Petawawa Post reporter Patricia Leboeuf took part in Exercise COLLABORATIVE SPIRIT, gaining a greater appreciation for the expertise of CAF personnel. (Photo by Garrison Imaging Petawawa)
Soldier for a day: Exercise Collaborative Spirit
By: Patricia Leboeuf
Posted on Thursday, October 5, 2017
Sergeant James Mustard is an incredibly patient man.
Why? Because he had to deal with me during Exercise COLLABORATIVE SPIRIT 2017. It may sound like I’m being hard on myself. I’m not.
Really, he suffered just as much as I did, if not more so, as he tried to lead me through an urban assault. The fact that he patiently took the time to answer all my admittedly, and sometimes purposefully, ridiculous questions while leading me safely towards the makeshift Ortona Village proved that he should be elevated to sainthood.
Sergeant Mustard and my other guide Corporal Sebastian “Zeus” Zuniga-Contreras at the Royal Canadian Dragoon (RCD) Battle School as well the rest of the Canadian Armed Forces members on hand were utterly professional, helpful and kind. Because I am not a soldier, and could never pretend to be one correctly, they had to take the time to explain things to me. Sure he reminded me to hold my gun correctly more often than I can count, but never once did he demand I drop and give him fifty.
From the moment I put on the uniform, strapped on a helmet, pulled on a frag vest and rucksack, I was guided by a team of highly trained soldiers whose sole purpose was to give me a finer appreciation for everything the military does. And trust me, I now do! The 1,000 or so soldiers taking part in the exercise made sure we had a good time.

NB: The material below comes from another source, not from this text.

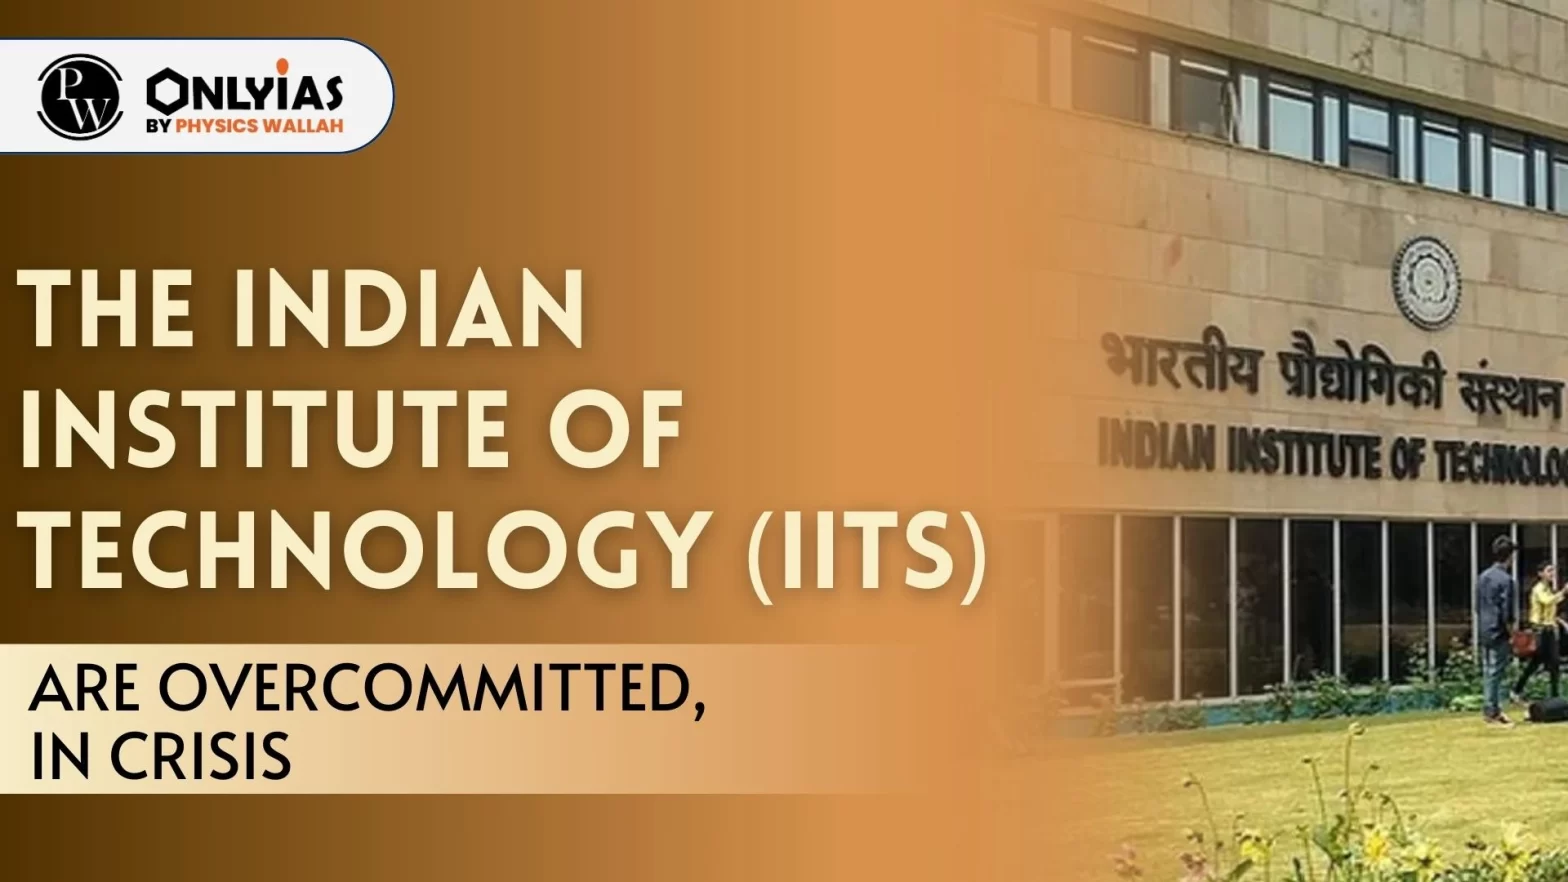 The Indian Institute of Technology (IITs) are Overcommitted, in Crisis

Close to 400 civilian participants were immersed in Army life during Ex COLLABORATIVE SPIRIT 2017, held from Sept. 19 to 22.
Held annually, the Exercise aims to familiarize senior government personnel and industry leaders with the combat capabilities that exist in 2 Canadian Mechanized Brigade Group, 4th Canadian Division and the Canadian Armed Forces (CAF).
The Exercise also allows the CAF to showcase personnel and equipment and for participants to develop a better understanding of the relevance and readiness of the CAF to support taskings at home and abroad.
The day I was on the exercise, about 60 of us were divided into three groups. This allowed our wranglers to ensure our safety as we underwent basic training and then used our skills in the field.
“Safety is always number one,” said “Cpl Zuniga-Contreras. “Especially your safety because you guys aren’t sure what you are doing. But we are going to be there every step of the way. So I have no worries.”
I took comfort in that.
Just like all the others, I was gung-ho to shoot, fly around in a helicopter, liberate a village and try out some trench warfare in a mechanized attack.
I fell flat, both literally and figuratively. And these soldiers were here to pick me up, again both literally and figuratively.
The whole thing may have been more fun for the troops then it was for me.
“This is actually one of our favourite days because we get to show off what we do here on a daily basis to our neighbours, not only in Petawawa and Pembroke but the rest of the Ottawa Valley,” said 2 Canadian Mechanized Brigade Group (2 CMBG) Commander Colonel Michael Wright.
Throughout the day, we were encouraged to ask as many questions as we wanted about what we saw and did.
Since I’m naturally curious as to how they conducted training, I peppered instructors, demonstrators, leaders and partners with questions that they patiently and thoughtfully answered. They took it all in stride because they are trained to be professional.
“They are super proud of what they do, they are so proud of being able to show their skills,” said Garrison Petawawa Commander Colonel Louis Lapointe.
The time we civilians spent training with these soldiers did have a higher goal; it allowed us to connect.
Instead of having a nebulous idea of what occurs at the Garrison, we now know exactly goes on. We know just how itchy that uniform is, how often those earplugs pop out and how disappointing the salmon Individual Meal Pack tastes.
“Now when they see a soldier, they have a better understanding,” said Col Lapointe. “It also gives a better understanding of what happens when somebody is out shooting in the training area.”
Honestly, all I know is that I’m never going to nag my husband about doing chores when he comes back from the field. I’m still tired!